Am Samstag, 7. März 2009 23:06 schrieb R J:
Can anyone help with this problem from Bird:
a. Convert the following list comprehensions to combinatory style:
i. [(x, y) | x <- [1..n], odd x, y <- [1..n]] ii. [(x, y) | x <- [1..n], y <- [1..n], odd x]
b. Are they equal?
c. Compare the costs of evaluating the two expressions.

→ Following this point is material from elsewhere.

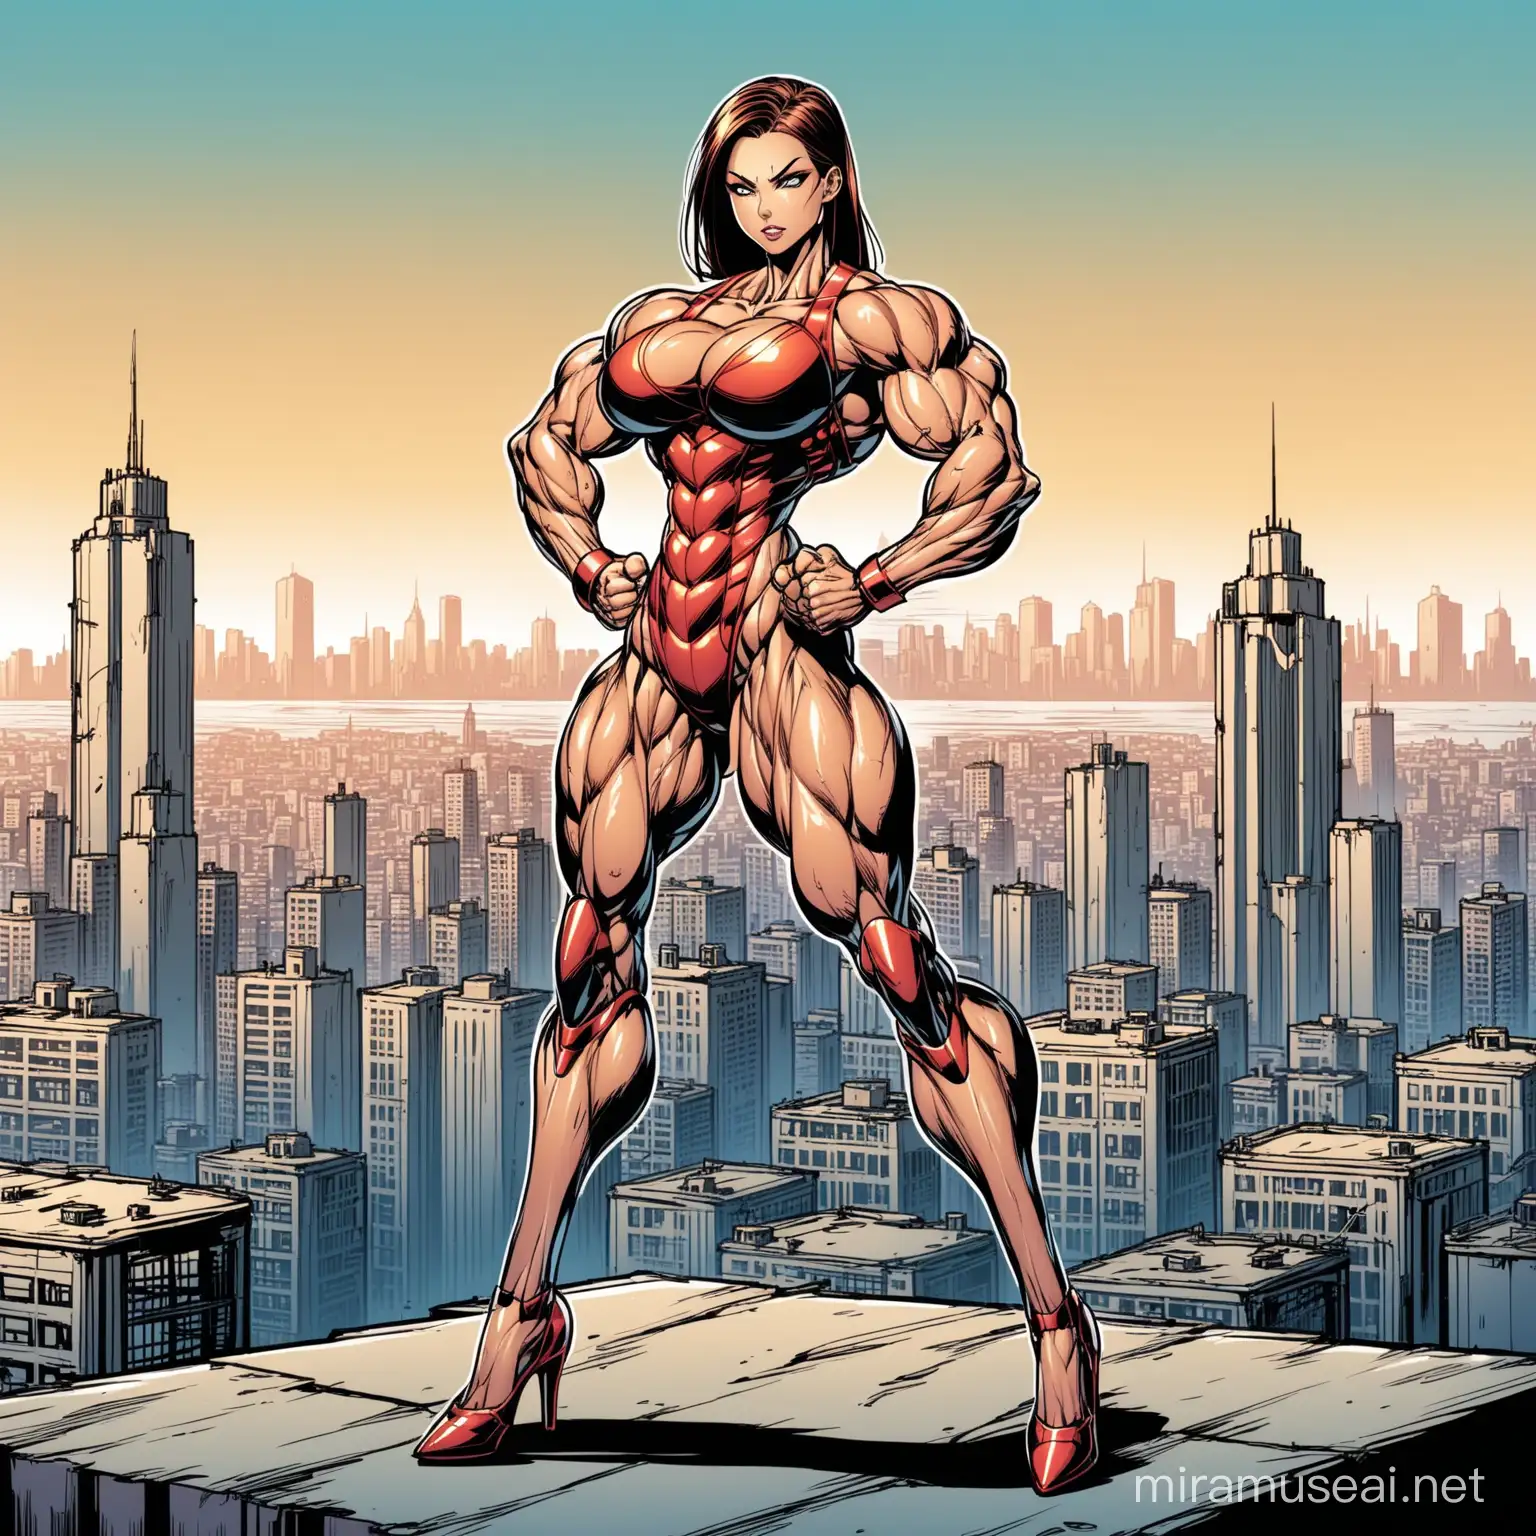 Очень красивая худая очень мускулистая молодая девушка робот,покрыта large veins, с макияжем, на каблуках, напрягает бицепс, стиль комиксов, на фоне города

I gather that by combinatory style, he means the use of concat, map, and filter. While Bird provides the following conversion rules, he doesn't prove them, justify them, or even provide an example using them:
R1. [ f x | x <- xs ] = map f xs R2. [ x | x <- xs, p x ] = filter p xs R3. [ e | Q, P ] = concat [[e | P] | Q] R4. [ e | x <- [d | P] ] = [e [x := d] | Q, P]
Thanks.
You can take R1-R4 as definition of the list-comprehension syntax. Then you can rewrite i. step by step: [(x,y) | x <- [1 .. n], odd x, y <- [1 .. n]] ~> concat [[(x,y) | y <- [1 .. n]] | x <- [1 .. n], odd x]] ~> concat [map (\y -> (x,y)) [1 .. n] | x <- [1 .. n], odd x] ~> concat (map (\x -> map (\y -> (x,y)) [1 .. n]) (filter odd [1 .. n])) (okay, I cheated, the last step is actually a sequence of steps, transforming [f x | x <- xs, p x] into map f (filter p xs)).